Il regista di Paz! racconta in esclusiva ai lettori di Movieplayer.it il suo nuovo e discusso film, La prima linea.

La prima linea è un film che ha fatto discutere prima ancora di essere girato, e che molti si apprestano a vedere armati di forti preconcetti: non è abbastanza contestualizzato, non condanna apertamente i suoi protagonisti, non esplicita tutte le tappe della spirale di violenza in cui si erano rifugiati. Eppure La prima linea è un film che non fa sconti a nessuno, ed è ben lungi dall'ammantare di un'aura di eroismo Segio e la Ronconi: è semplicemente un film vero, in cui la storia di due persone si inserisce nel panorama della storia d'Italia ma non se ne fa portavoce, e che come tale andrebbe visto, cogliendo l'occasione di riflettere su un passato recente ma spesso ignorato, senza pretendere di arrivare alla verità completa e definitiva del fenomeno. Abbiamo incontrato il regista Renato De Maria, che in un'intervista esclusiva ci parla della costruzione di questo film e di altri importanti passi della sua carriera.

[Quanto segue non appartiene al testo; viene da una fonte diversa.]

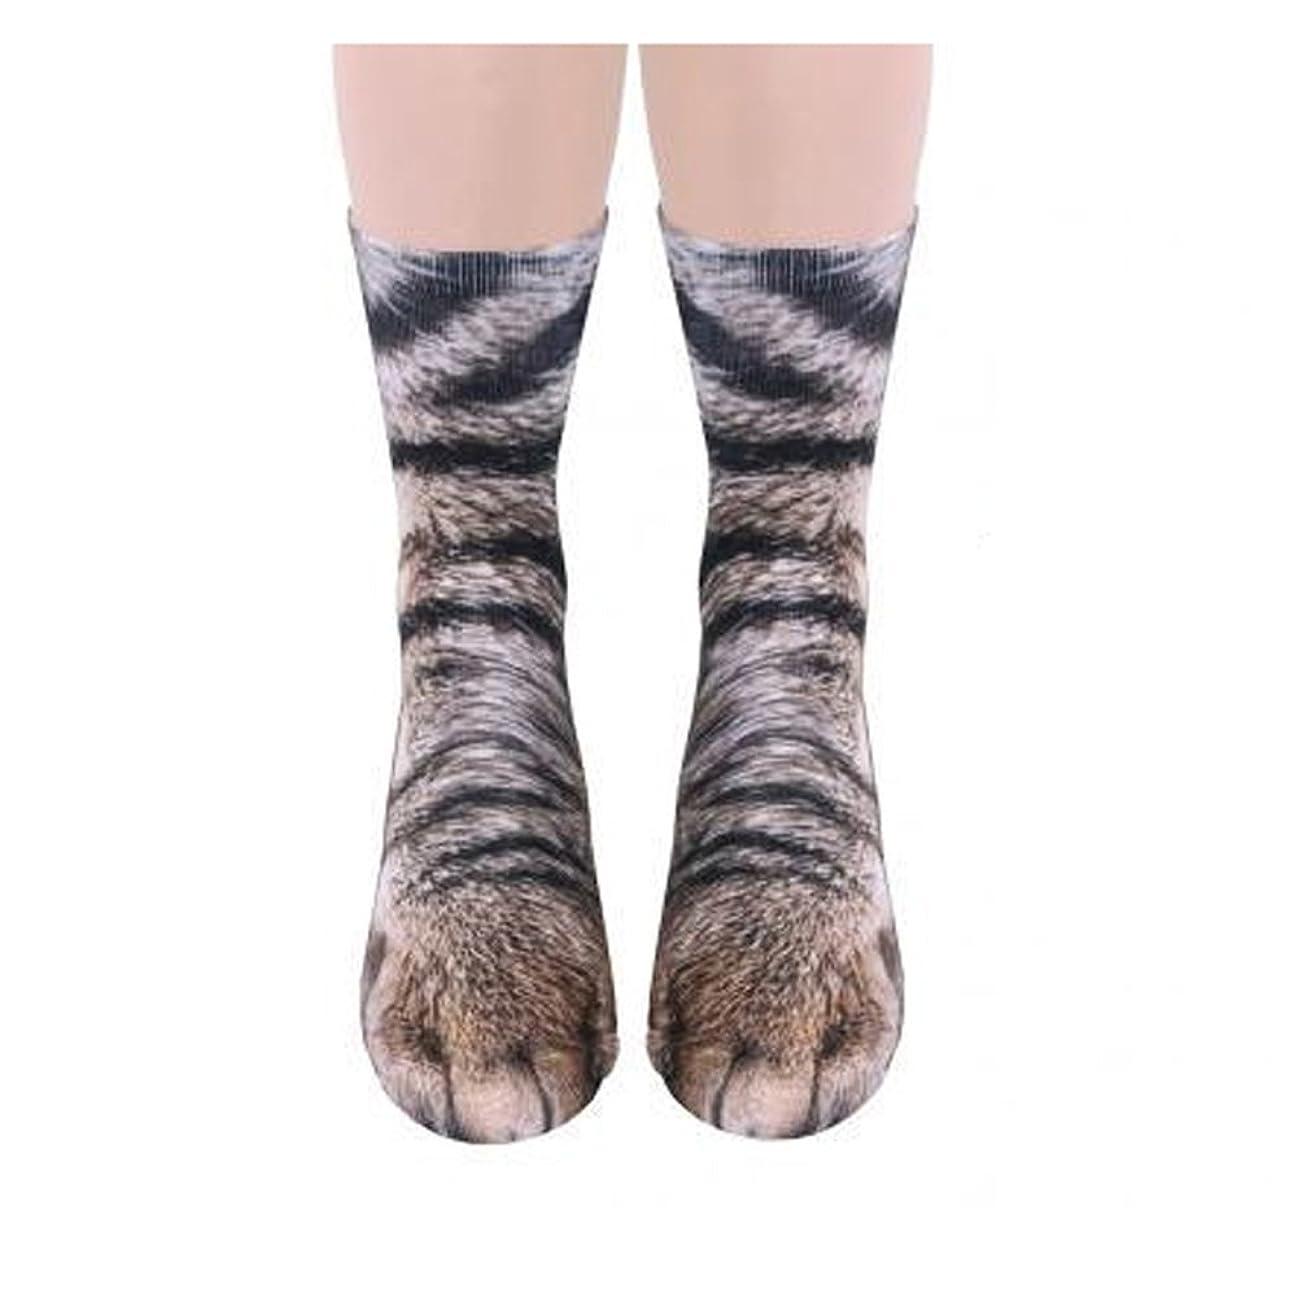 悪魔延ばす勤勉なユニセックスアダルト かわいい猫 キティ 足ソックス、 動物の足3Dシミュレーション印刷クルーソックス、1組
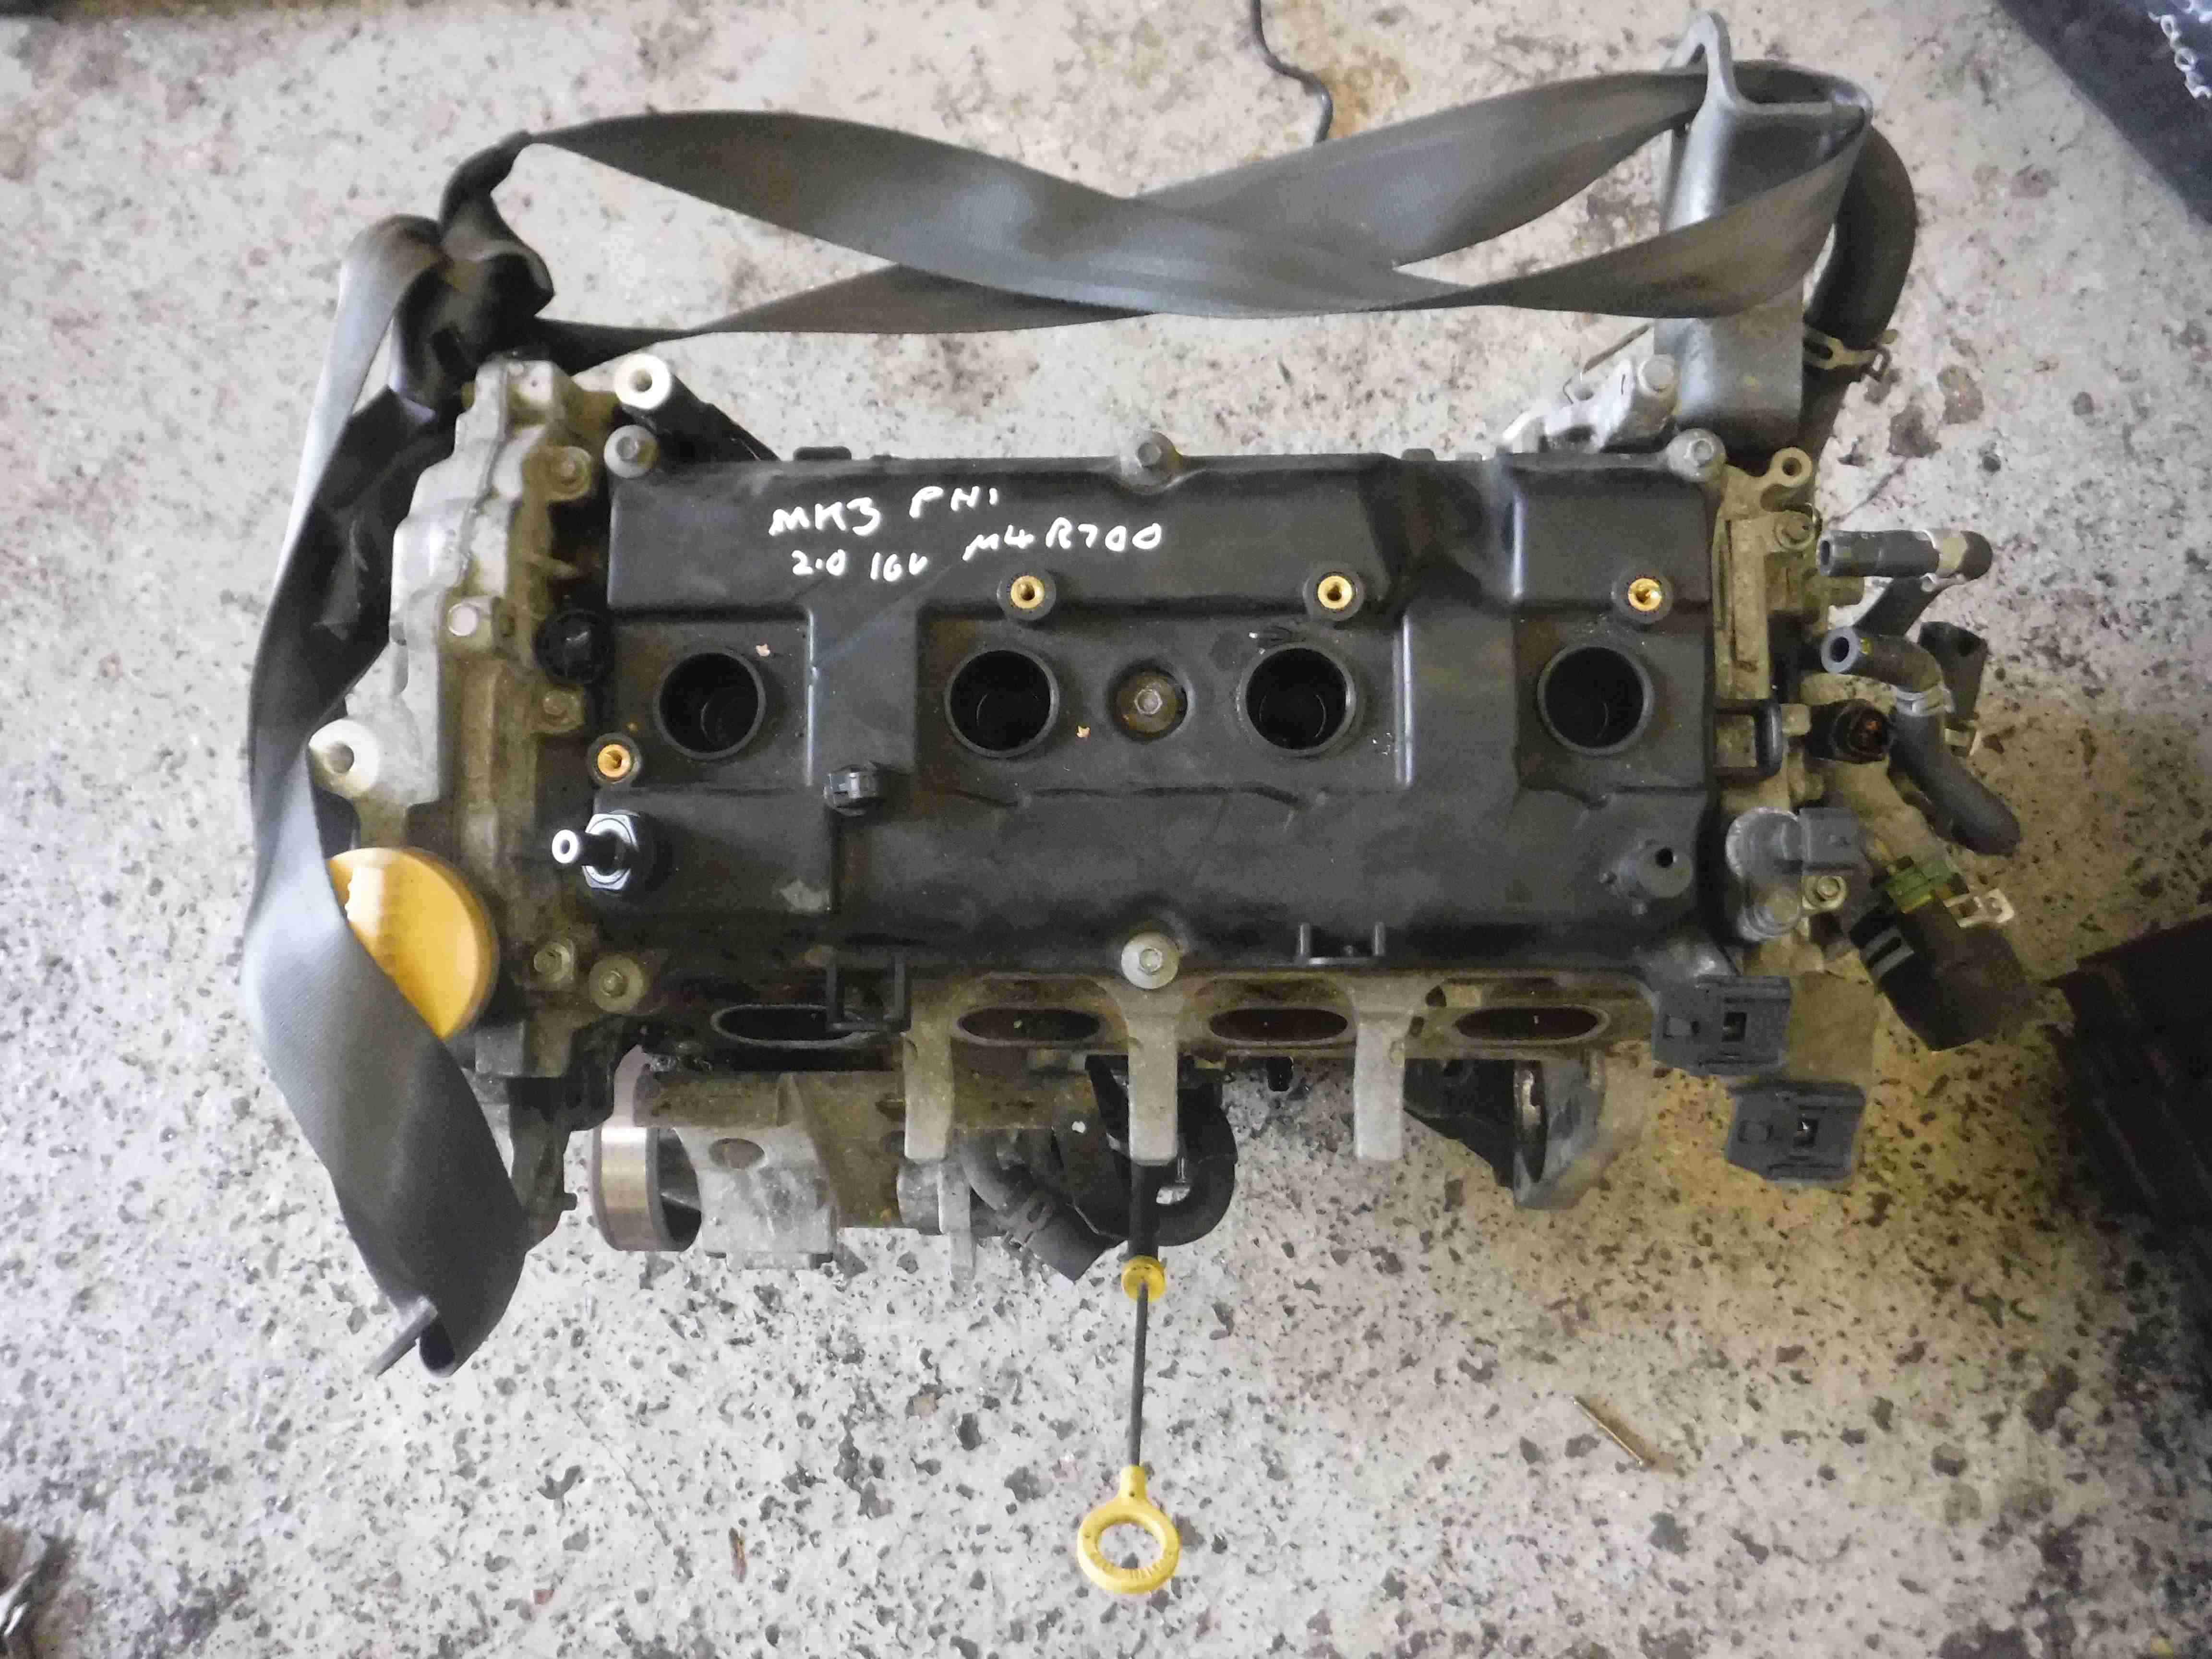 Renault Clio MK3 2005-2009 2.0 16v Engine M4R 700 *3 Months Warranty* m4r700

Quando ha immaginato questo film, aveva già in mente Scamarcio e la Mezzogiorno come protagonisti?
Renato De Maria: Non è stata una scelta travagliata, quella per i due protagonisti. Certo un po' di riflessione iniziale c'è stata, ma abbiamo avuto quell'intenzione quasi da subito. E' stata un'idea di Andrea Occhipinti, che ci è parsa subito ottima e quindi non abbiamo cercato oltre.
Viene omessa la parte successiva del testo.